Even for those men whose screen-detected cancer would otherwise have been later identified symptomatically, a high proportion experience the same outcome, and are thus subjected to the harms of treatment for a much longer period of time. The evidence is convincing that PSA-based screening for prostate cancer results in considerable overtreatment.

The magnitude of these treatment-linked harms are considered to be at least moderate, according to the USPSTF.

The belief that PSA-based prostate cancer detection results in longer survival rates is not backed up by scientific evidence.

If there are any benefits, they are tiny after ten years. In fact, all the two largest trials every did, was to underline the uncertainty of the exact effects of screening.

In the two largest trials:

  • The European trial found a 0.06% absolute reduction in prostate cancer deaths for males aged between 50 and 74 years – a statistically insignificant reduction
    (6. Chou R, Croswell JM, Dana T, Bougatsos C, Blazina I, et al. Screening for prostate cancer: a review of the evidence for the U.S. Preventive Services Task Force. Ann Intern Med. 2011 Oct 7.)
  • The US trial found a 0.03% absolute rise in cancer deaths – a statistically insignificant increase.
    (Lin K, Croswell JM, Koenig H, Lam C, Maltz A. Prostate-Specific Antigen-Based Screening for Prostate Cancer: An Evidence Update for the U.S. Preventive Services Task Force.
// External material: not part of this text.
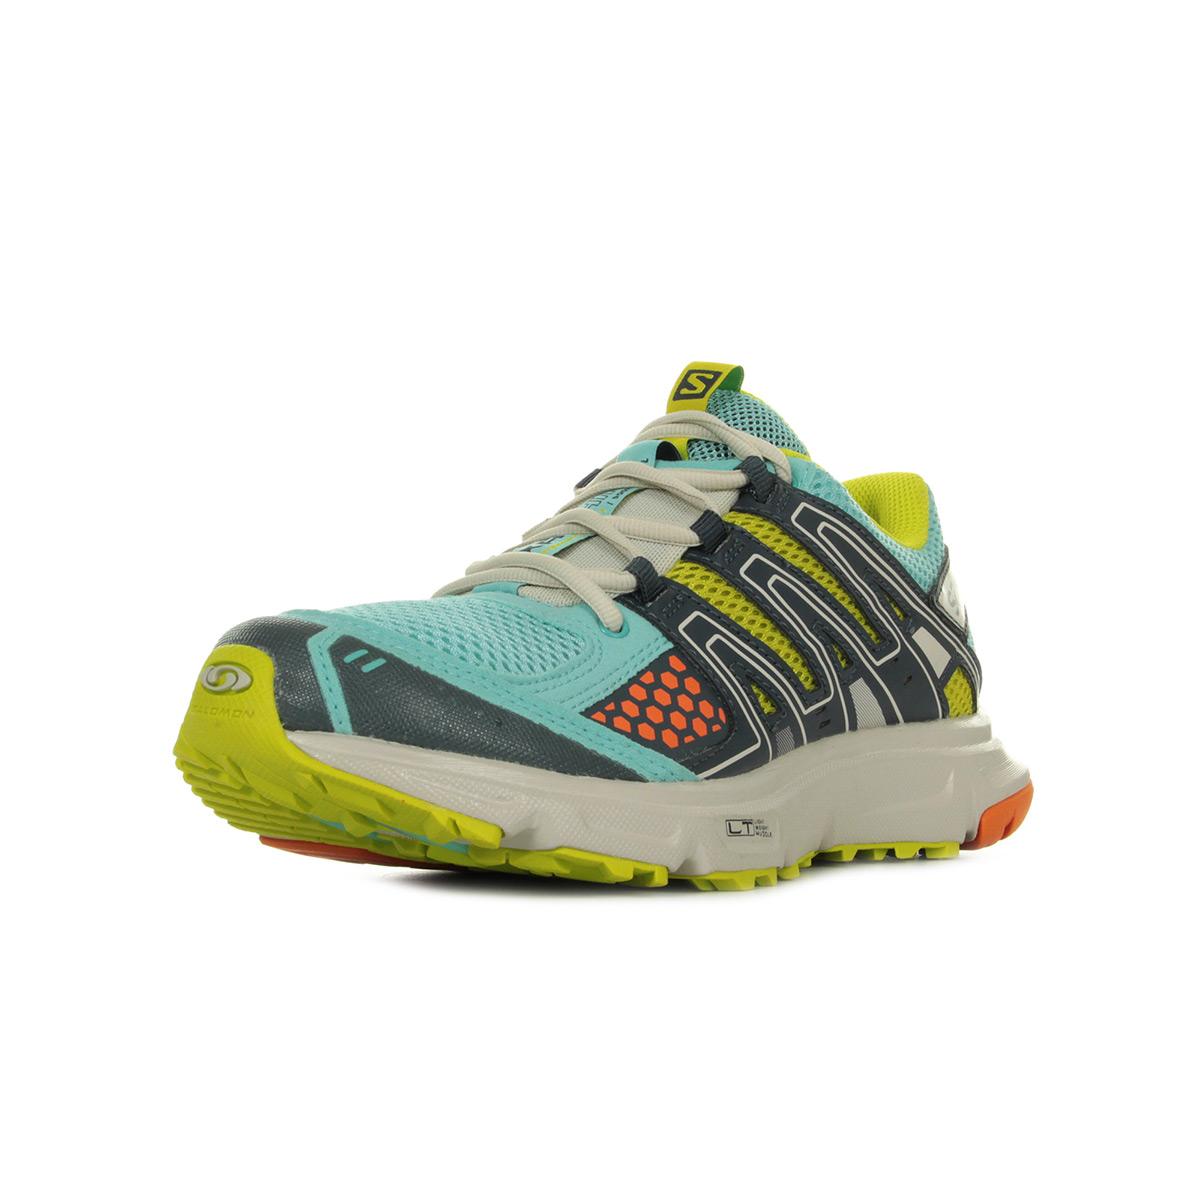 Chaussures Salomon femme Xr Shift W Running taille Gris Grise ... 34b49b84b6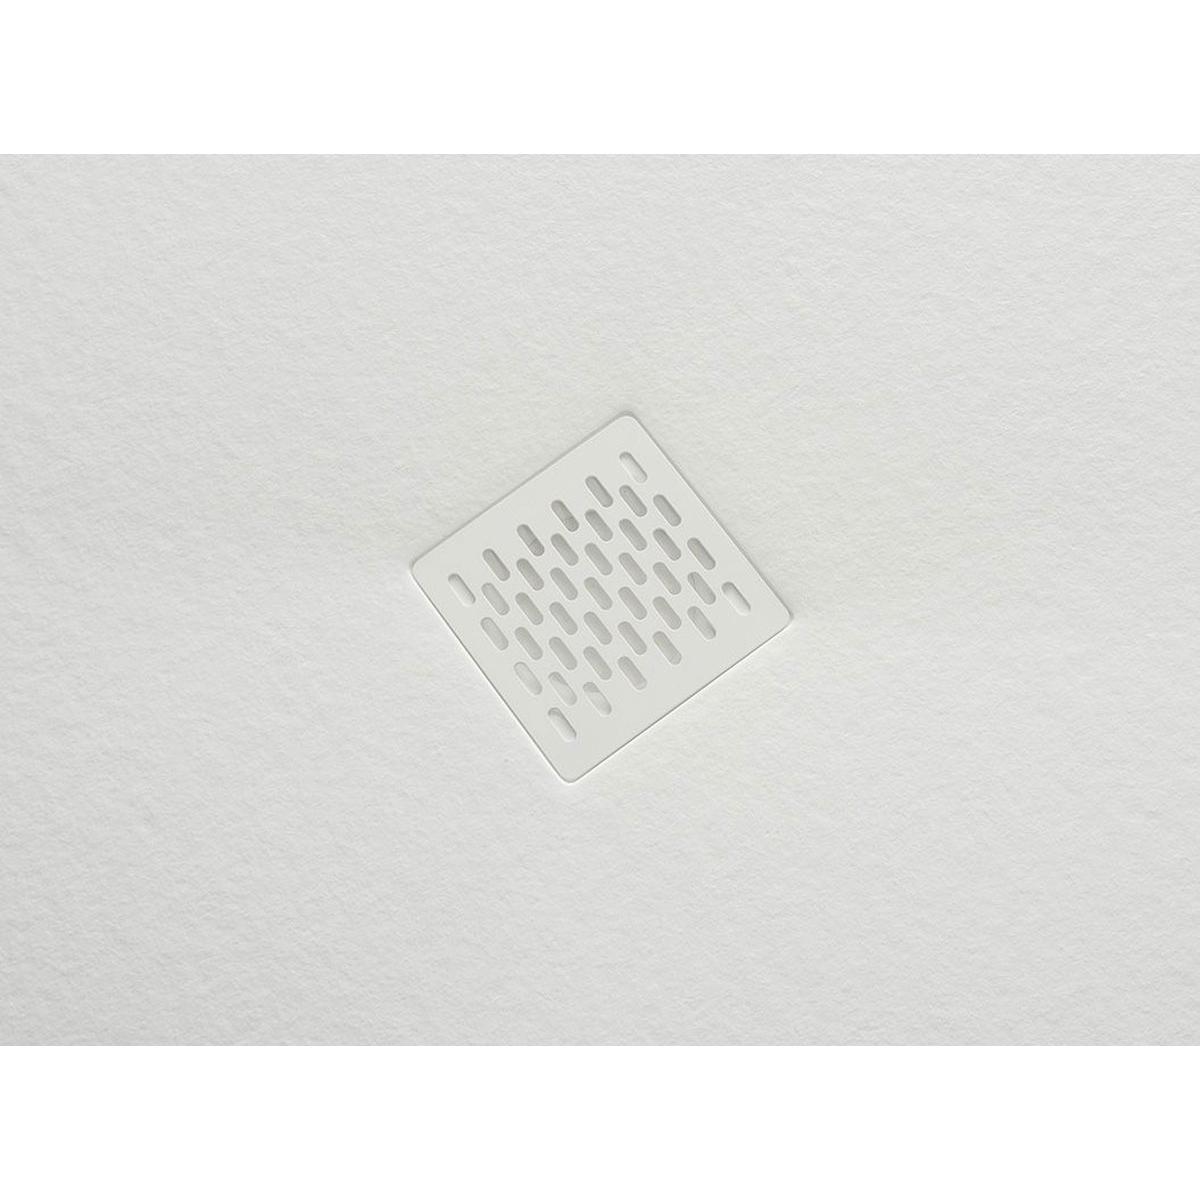 Plato de ducha rectangular 100x80 Coliseo Stone Nox Blanco

Evidence Synthesis No. 90. AHRQ Publication No. 12-05160-EF-1. Rockville, MD: Agency for Healthcare Research and Quality; 2011.)

A study which looked at a number of studies and combined the results (meta-analysis) also found no statistically significant drop in prostate cancer death rates. (Ilic D, O’Connor D, Green S, Wilt TJ. Screening for prostate cancer: an updated Cochrane systematic review. BJU Int. 2011;107:882-91).

However, an enormous number of men have had to undergo overtreatment and overdiagnosis of prostatic tumors that will not cause early death or serious illness, and suffer the adverse events that come with such interventions.

Members of the USPSTF wrote:

“Although about 90% of men are currently treated for PSA-detected prostate cancer in the United States – usually with surgery or radiotherapy – the vast majority of men who are treated do not have prostate cancer death prevented or lives extended from that treatment, but are subjected to significant harms. “

The Task Force came to the conclusion that “there is moderate certainty” that the pros in favor of PSA-based screening for prostate cancer are less than the cons – in other words, the harms probably outweigh the benefits.

The Task Force says that its recommendation applies to the general male US population. Although older males have a higher risk of developing prostate cancer, PSA-screening does not appear to provide this older age group with any greater benefits than harms either.

The authors added:

“However, the observed risk differences for race/ethnicity or family history are each relatively small when compared with the risk differences seen with increasing age, and there are no data that suggest that the net benefit of PSA-based screening is altered by race or family history. “

The USPSTF stressed that it did not examine the benefits and harms related to PSA screening for patients with symptoms that are highly suspicious of the disease. Neither did they look at PSA screenings for monitoring patients after they have been treated or diagnosed with prostate cancer.